Grant wilborn 801-391-2484. Gwtaxidermy.sports.officelive.com He does an awesome job! I take all my bird to him and you'll have it back soon.


----------



## Longgun (Sep 7, 2007)

+1 about TEX or Grant!

i have learned ALOT to further my own taxidermy from them both... another would be Jeff Nelson, of "wings in flight". IMO, they all put together some of the best Swans i have ever seen...Simply, they are all TOP NOTCH.
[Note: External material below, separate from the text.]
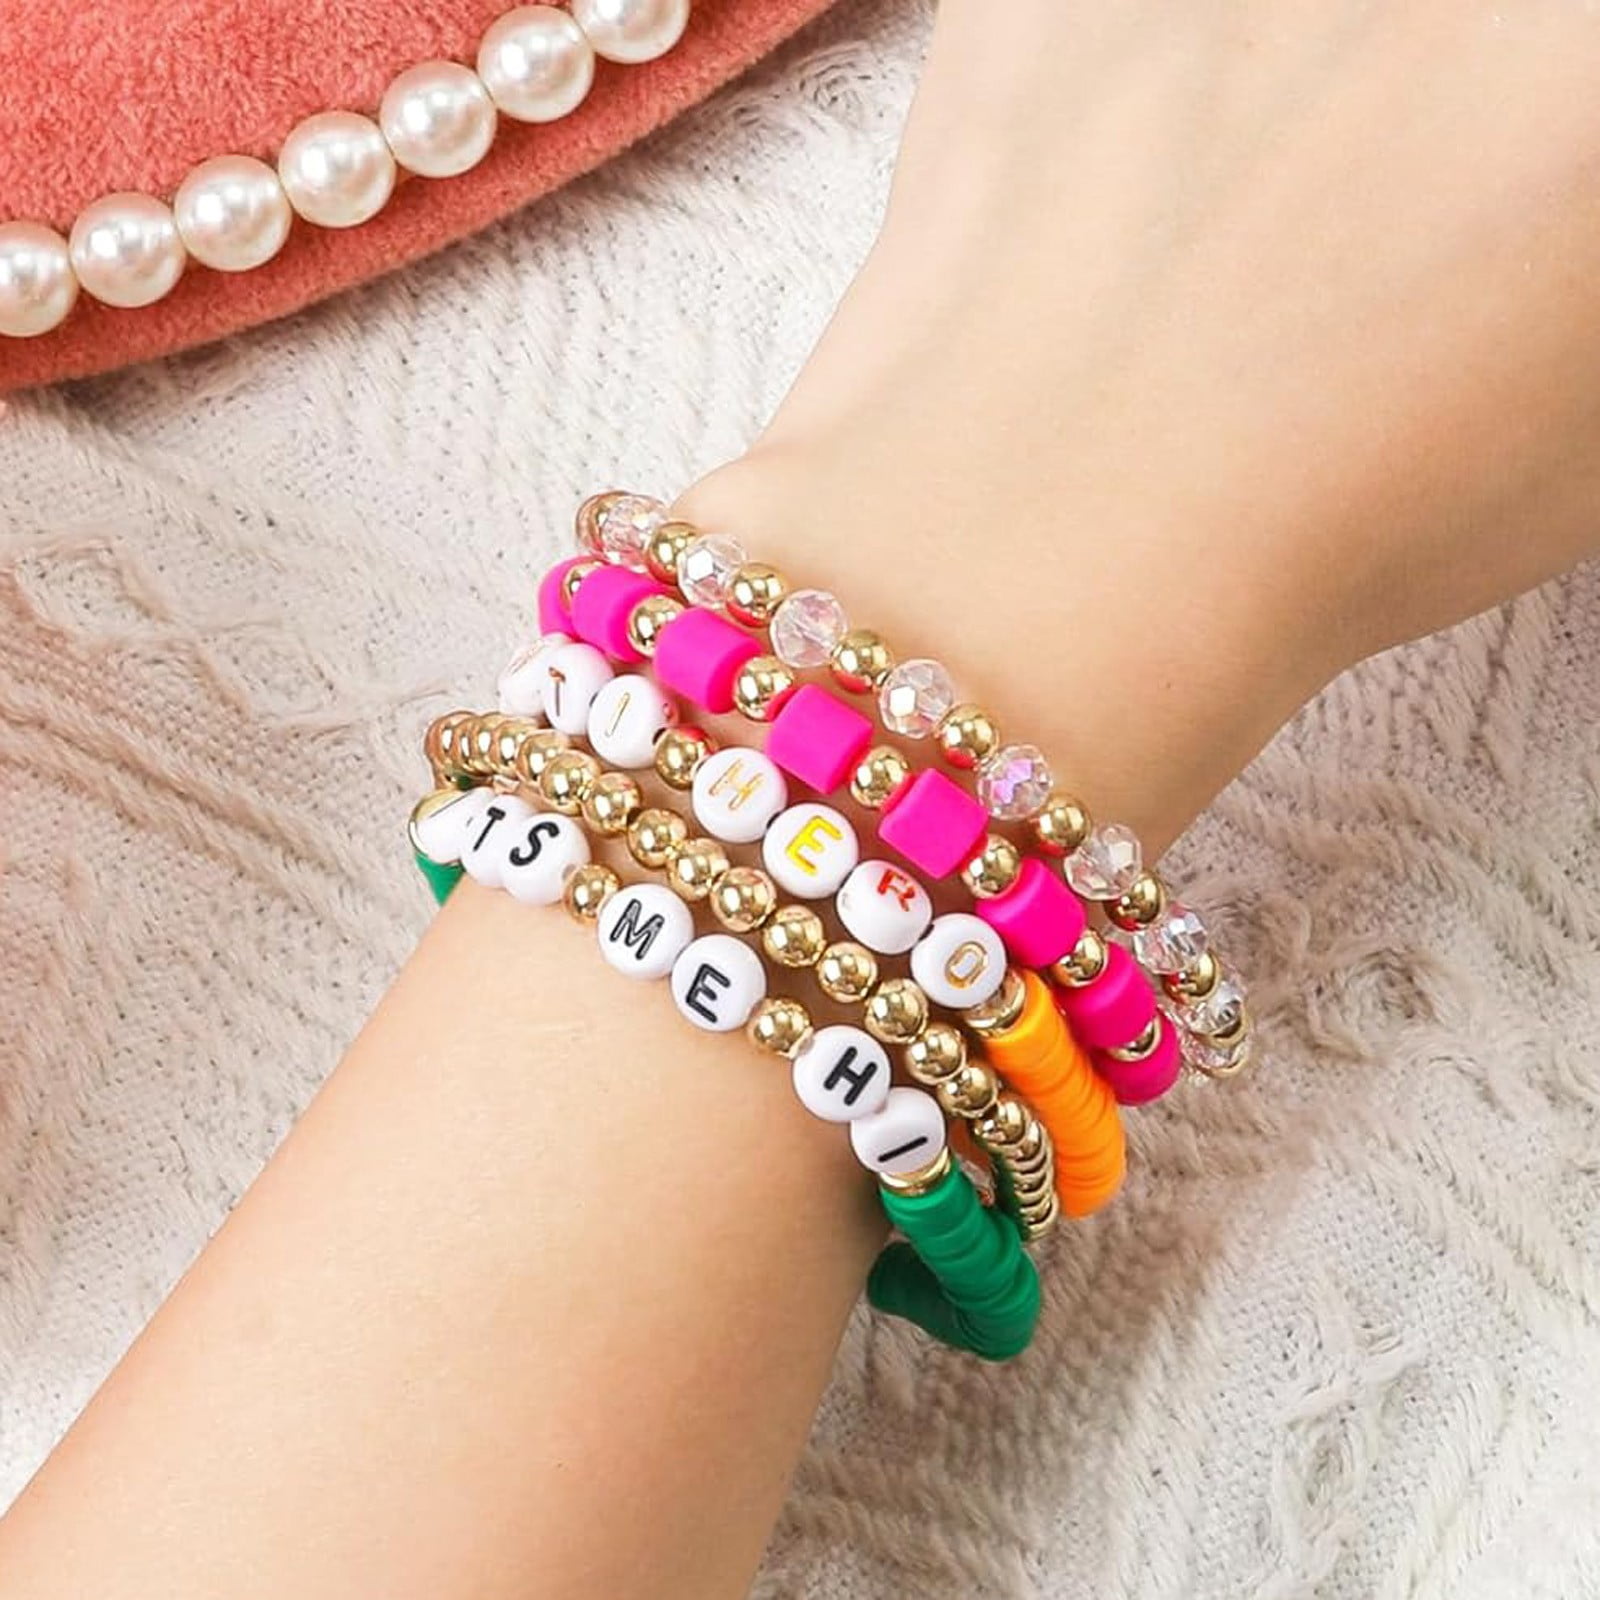 Swiftie friendship bracelet set – The Bead Shop

well personally, id say bring it to ME, ME, ME! but my freezers are full so.... :shock:  :O•-:


----------



## Buckfinder (May 23, 2009)

Thanks for the suggestions.


----------



## Swaner (Sep 10, 2007)

Glad you posted this. I almost forgot Tex called me last week to pick up my swan! Thanks for the reminder.


----------



## Sliverslinger (Sep 17, 2007)

Buck Finder, PM SENT.

Hands down will not find better work than from Jeff Nelson at www.wingsinflightbirdtaxidermy.com. His work is second to no one and worth every penny and more. Other guys will get it done faster and for cheaper and a lot of people are ok with that, but once you have experienced the difference in his work you will never go back. Plus, I promise that you will not find a nicer, better person to work with, ever.


----------



## TEX-O-BOB (Sep 12, 2007)

flyfisher_1984 said:


> Glad you posted this. I almost forgot Tex called me last week to pick up my swan! Thanks for the reminder.


Aaah, you ARE alive!


----------



## Stuffinducks (Sep 19, 2007)

Sliverslinger and Longgun,

Hey,

I appreciate the free plug...but guys - I can't take in any more work!!! The in and out of State guys are killing me. Anyone need a job, I sure could use a skinning guy about now. :shock: 

Well, out to the garage today to flesh and wash a Swan today...Yuck! o-|| 

SD


----------